Simply put, he's impressive.
I put together these highlights.
— Tyler Donohue (@TDsTake) May 21, 2017
Penn State also holds pledges from top-10 tight end prospects Pat Freiermuth and Zack Kuntz, who earned a Pennsylvania state title in 110-meter hurdles last Saturday.
Kuntz and Shorter received an invitation to The Opening finals, to be held June 28-July 3 in Beaverton, Ore., at Nike’s world headquarters. They will be joined by 5-star RB commit Ricky Slade, who follows a path to Happy Valley like former fellow Virginia rushers Tony Hunt and Evan Royster did.
The No. 1 all-purpose back in composite rankings, Slade is also an asset downfield (25 receptions and 4 touchdown catches last fall, per MaxPreps). He averaged 9.2 yards per carry as a junior, rushing for 1,509 yards and 16 scores in 10 games.
Slade and Fields combine to create 10-star backfield potential, a rarity on the recruiting landscape.
“Thinking about those two guys playing next to each other is pretty special,” Shorter said. “That makes things tough for any defense and creates opportunities for everyone else on offense.”
Fields, who will compete at the Elite 11 finals in Los Angeles this weekend, would join his fellow Penn State pledges at The Opening if he advances. Event staff typically places common commits on the same 7-on-7 squad.

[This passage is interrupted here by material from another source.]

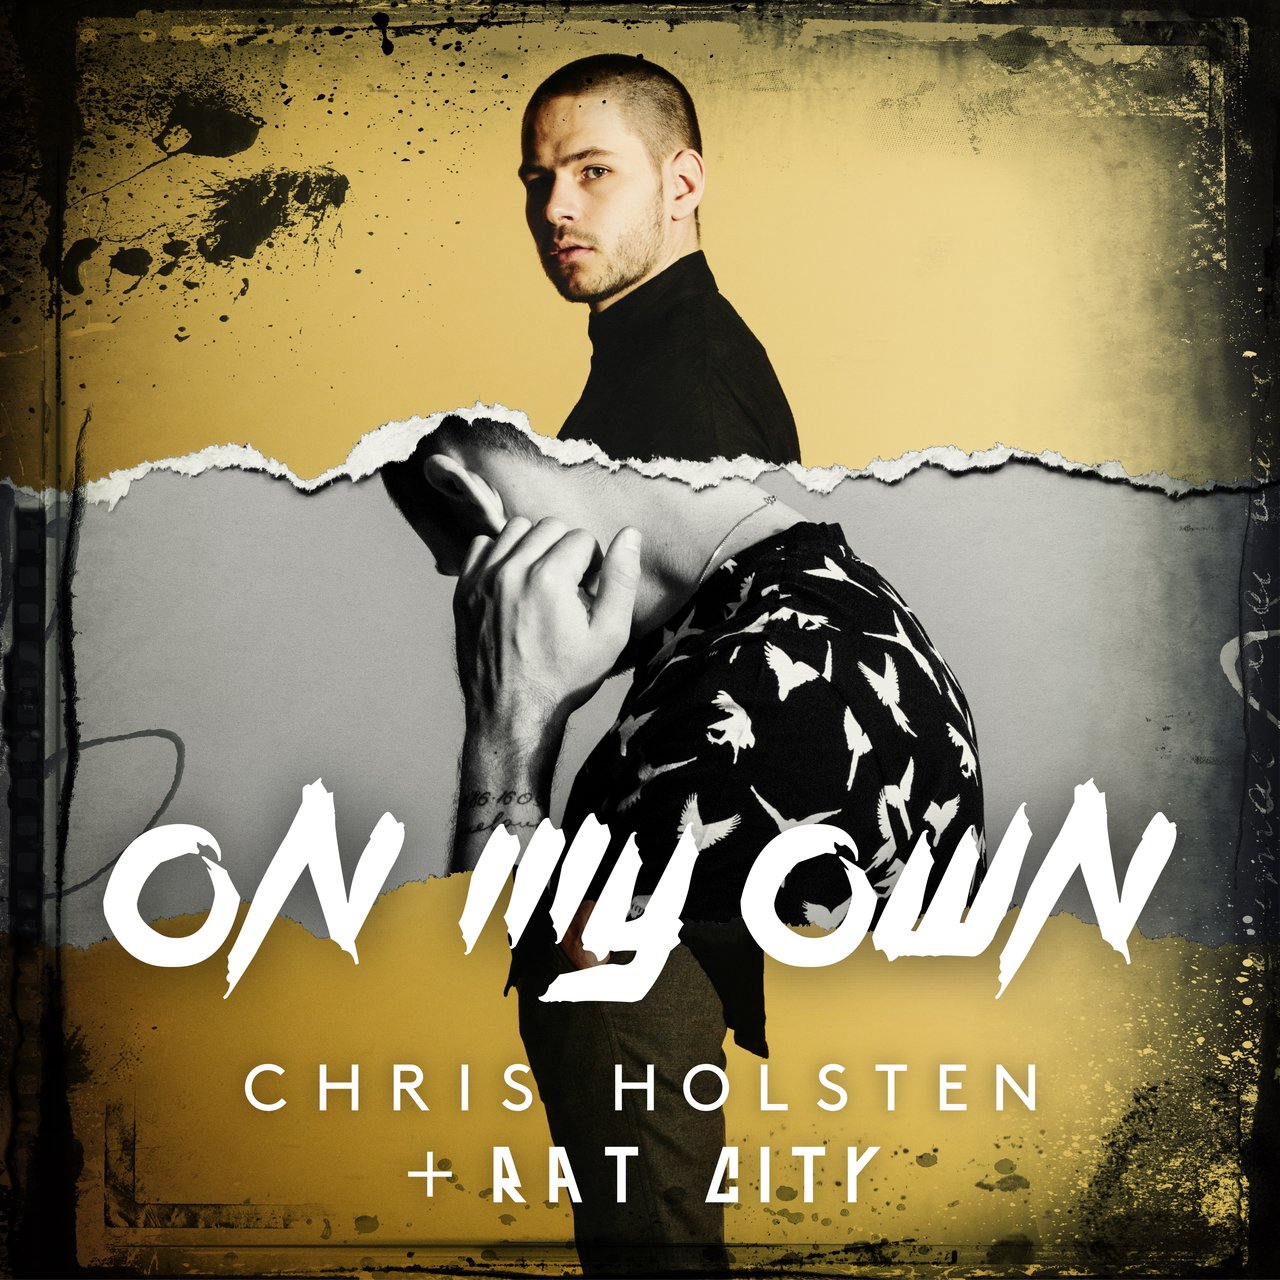 Chris Holsten & Rat City On My Own cover artwork

“If they put us all on the same team, it would be huge to play together for the first time,” Shorter said. “We can really see how each other work on the field, and it’s going to build great chemistry overall. When we get to campus next year, we’ll already know each other well because of that experience.”
Of course, it’s important to note each of these standouts will have a difficult time finding the end zone without quality protection up front. Penn State picked up three offensive linemen during a two-week span this spring — Nana Asiedu of Virginia, Bryce Effner of Illinois and Antwan Reed of Michigan.
Asiedu, considered the No. 6 offensive tackle in composite rankings, carries the most clout. He leads a trio that will be counted on to help maintain positive momentum among Nittany Lions linemen.
Penn State surrendered 83 total sacks during the 2014 and 2015 seasons. The Nittany Lions cut that number to 24 during Moorhead’s first year on campus.
Aside from players who are already on board with the 2018 class, Penn State is in good shape for other possible offensive additions. This list includes 4-star WR Jahan Dotson of New Jersey, 4-star OT Rasheed Walker of Maryland and 6-9, 290-pound junior college OT T.J. Bradley.
If things go according to plan and health remains intact, the Nittany Lions should field one of college football’s most potent offenses this fall. Ultimately, the goal for Franklin & Co. is geared toward long-term contention. Consistent efforts on the recruiting trail should keep Beaver Stadium scoreboard operators busy for years to come.